MMORF: A Multi-agent Framework for Designing Multi-objective Retrosynthesis Planning Systems
New AI system achieves 48.6% success rate on complex chemistry tasks, outperforming state-of-the-art baselines.
A research team led by Frazier N. Baker from Ohio State University has introduced MMORF, a novel framework for constructing multi-agent systems (MAS) specifically designed for multi-objective retrosynthesis planning in chemistry. Retrosynthesis—the process of working backward from a target molecule to identify viable synthetic routes—traditionally focuses on yield optimization, but real-world applications require balancing competing objectives like safety, cost, and environmental impact. MMORF addresses this by providing modular components that can be configured into different agent-based systems, enabling researchers to systematically explore how specialized AI agents can collaborate to incorporate multiple constraints into synthesis planning.
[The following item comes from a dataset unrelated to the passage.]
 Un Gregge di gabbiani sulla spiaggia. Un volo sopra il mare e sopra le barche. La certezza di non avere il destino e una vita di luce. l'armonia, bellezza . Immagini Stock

Using MMORF, the team built two representative systems: MASIL, which excels at soft-constraint optimization (balancing trade-offs), and RFAS, designed for hard-constraint satisfaction (meeting strict requirements). They evaluated these systems on a newly curated benchmark of 218 multi-objective retrosynthesis tasks. RFAS achieved a 48.6% success rate on hard-constraint problems, significantly outperforming existing state-of-the-art baselines. Meanwhile, MASIL demonstrated strong performance on soft-constraint tasks, frequently producing routes that Pareto-dominated baseline approaches—meaning they were better across multiple objectives without sacrificing others. The framework's modular design allows for principled comparison of different system architectures, advancing research into how multi-agent AI can tackle complex scientific optimization problems.
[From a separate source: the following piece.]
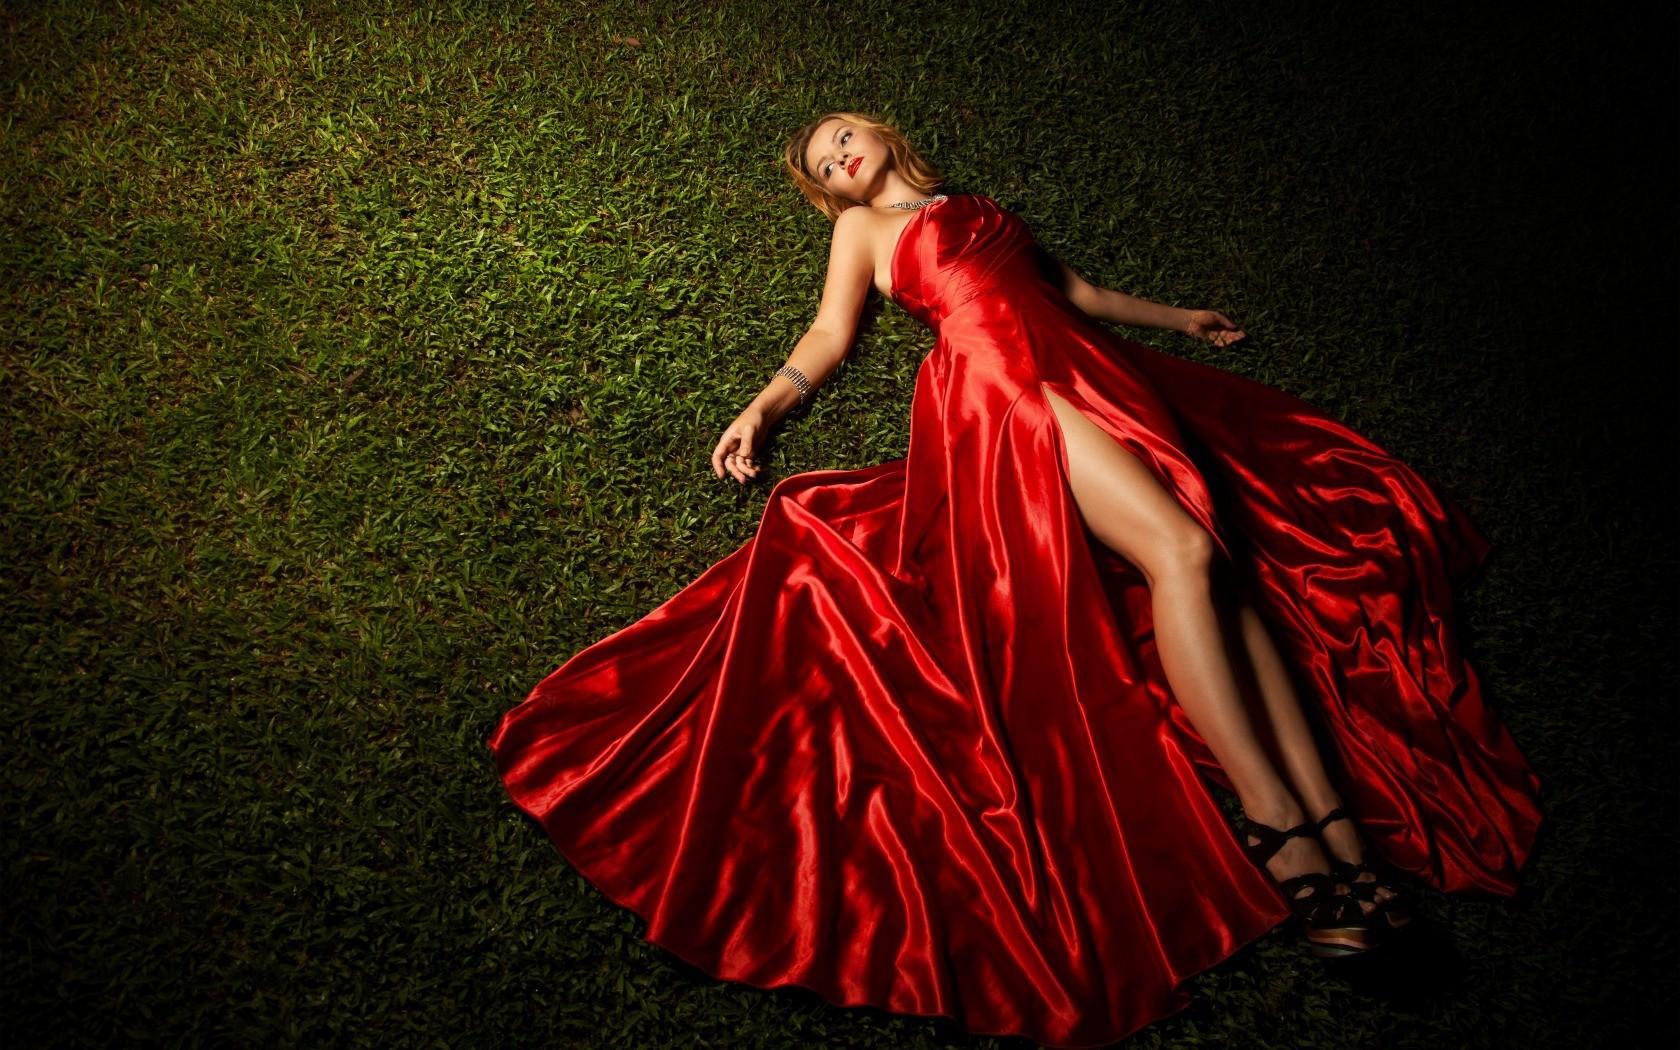 партнера весьма красивая девушка в красном платье отдается видео

The research represents a significant step toward practical AI-assisted chemistry where real-world constraints must be considered alongside synthetic feasibility. By making both code and data publicly available, the team enables broader exploration of multi-agent approaches in scientific domains. This work demonstrates how specialized AI agents, each focusing on different objectives (cost, safety, yield), can collaborate to find optimal solutions that single-objective systems would miss, potentially accelerating drug discovery and materials science while reducing experimental costs and safety risks.
- MMORF enables flexible construction of multi-agent systems for chemical synthesis planning with modular components
- RFAS system achieved 48.6% success rate on hard-constraint tasks, outperforming state-of-the-art baselines
- Framework tested on new benchmark of 218 multi-objective retrosynthesis planning tasks with published code and data
Why It Matters
Accelerates drug discovery and materials science by balancing safety, cost, and yield in chemical synthesis planning.